The new document, snappily titled the Federal Information Processing Standard (FIPS) 186-4, retools the digital signature standard only slightly. The main change in this FIPS iteration concerns the use of prime number generators, which requires random initial values for searching for prime numbers. FIPS 186-3, in contrast, specifically allowed saving these “seeds” only for use as evidence that the generated values were determined in an arbitrary manner; FIPS 186-4 permits saving them for additional purposes, such as the regeneration of the values.

The way it works under the guidelines is this: A digital signature is represented in a computer as a string of bits. A digital signature is computed using a set of rules and a set of parameters that allow the identity of the signatory and the integrity of the data to be verified. Digital signatures may be generated on both stored and transmitted data.

Signature generation uses a private key to generate a digital signature; signature verification uses a public key that corresponds to, but is not the same as, the private key. Each signatory possesses a private and public key pair. Public keys may be known by the public; private keys are kept secret. Anyone can verify the signature by employing the signatory’s public key. Only the user that possesses the private key can perform signature generation.

A hash function is used in the signature generation process to obtain a condensed version of the data to be signed; the condensed version of the data is often called a message digest. The message digest is input to the digital signature algorithm to generate the digital signature.

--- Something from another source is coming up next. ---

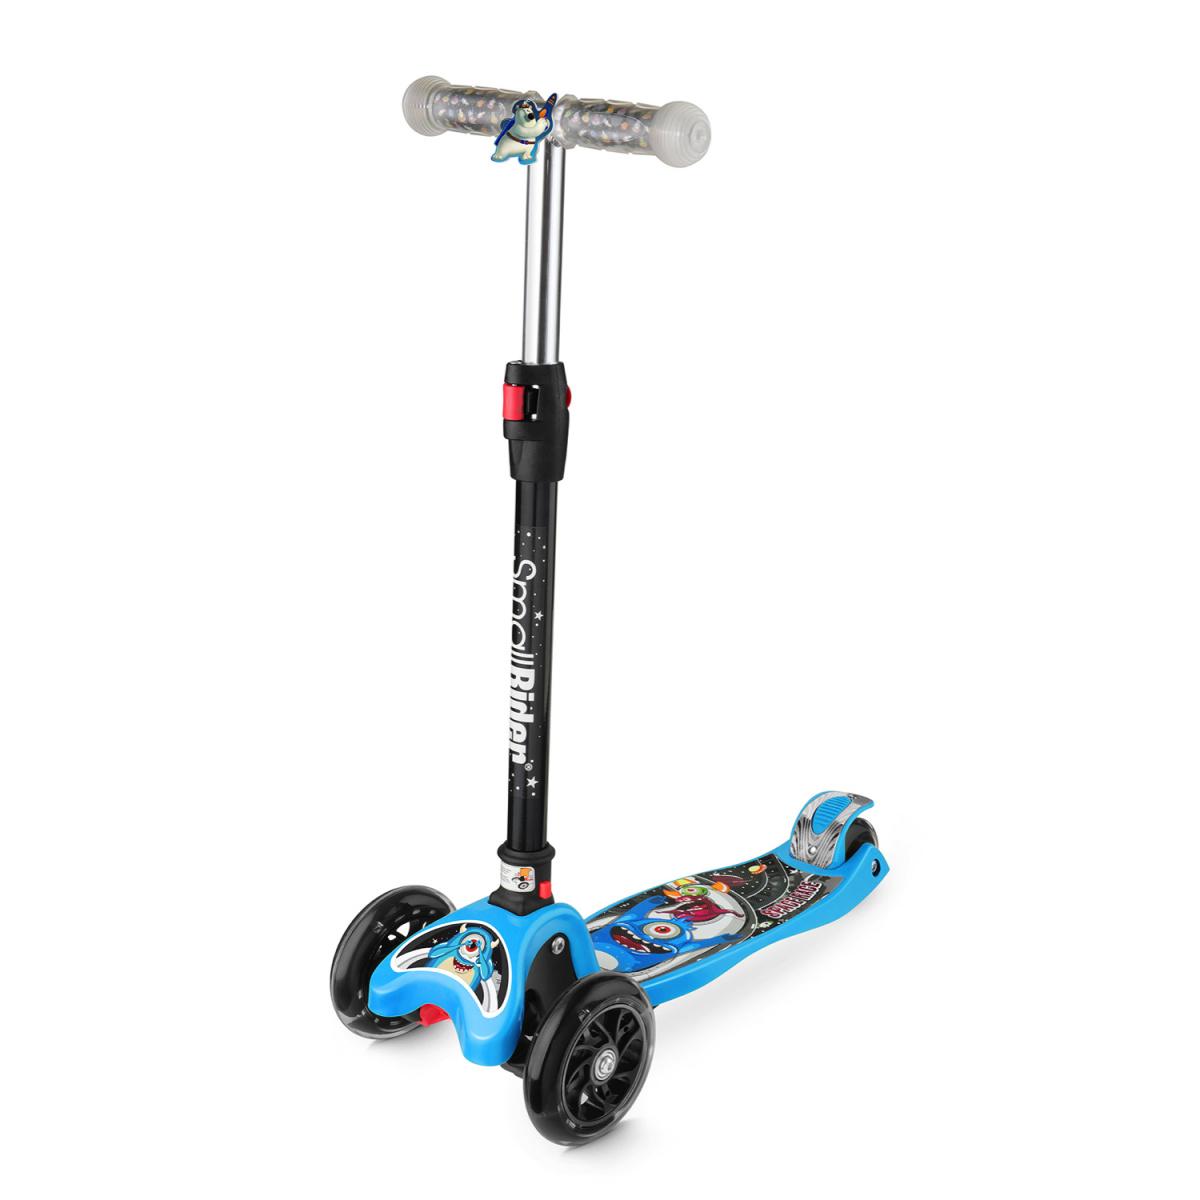 """Самокат Small Rider """"Space Race"""", 3-колесный, складной, со светящимися колесами, цвет: голубой"""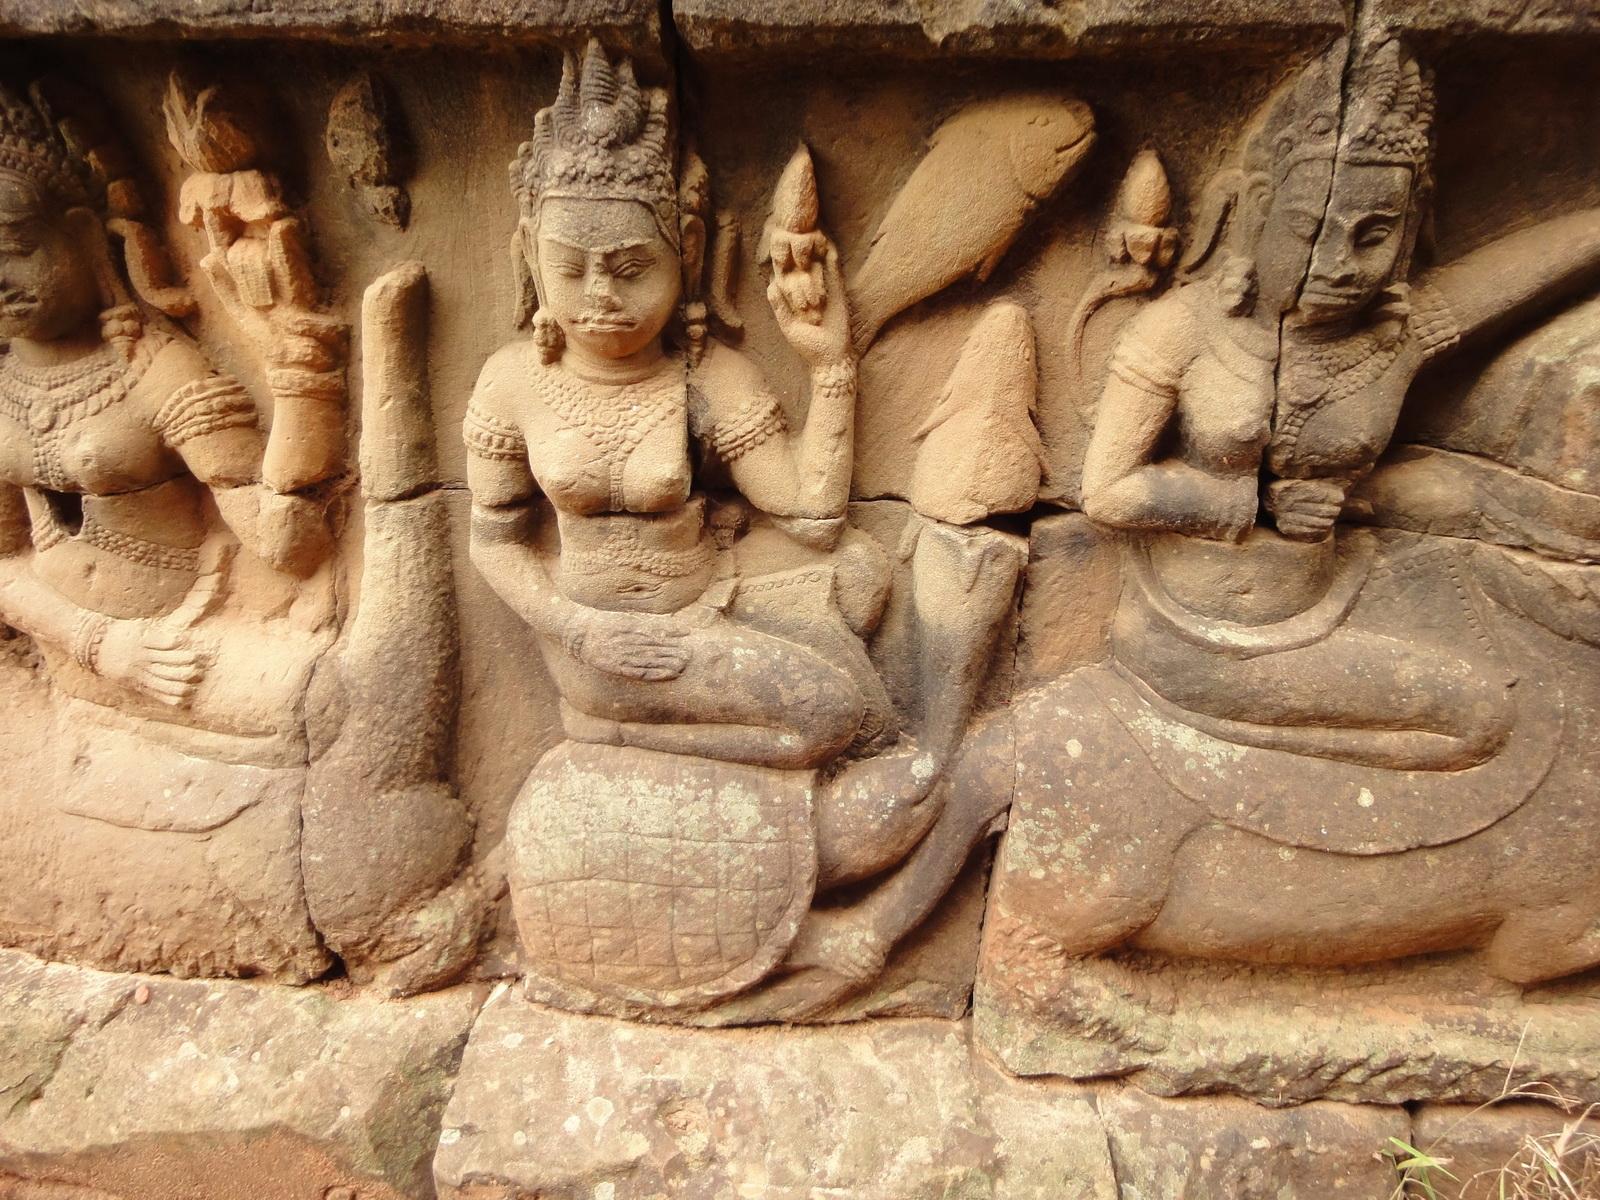 Leper King Terrace hidden wall underworld Nagas and deities 010

The hash functions to be used are specified in the Secure Hash Standard (SHS), FIPS 180. FIPS-approved digital signature algorithms shall be used with an appropriate hash function that is specified in the SHS.

The digital signature is provided to the intended verifier along with the signed data. The verifying entity verifies the signature by using the claimed signatory’s public key and the same hash function that was used to generate the signature. Similar procedures may be used to generate and verify signatures for both stored and transmitted data.

NIST noted that FIPS 186-4 otherwise contains no major revisions, but rather focuses on keeping the standard consistent with other NIST cryptographic guidelines. Other than clarifying a number of terms and correcting typographical errors, most of the changes aim to align the standard with other publications, such as NIST Special Publication 131A, so that all NIST documents offer consistent guidance regarding the use of random number generators.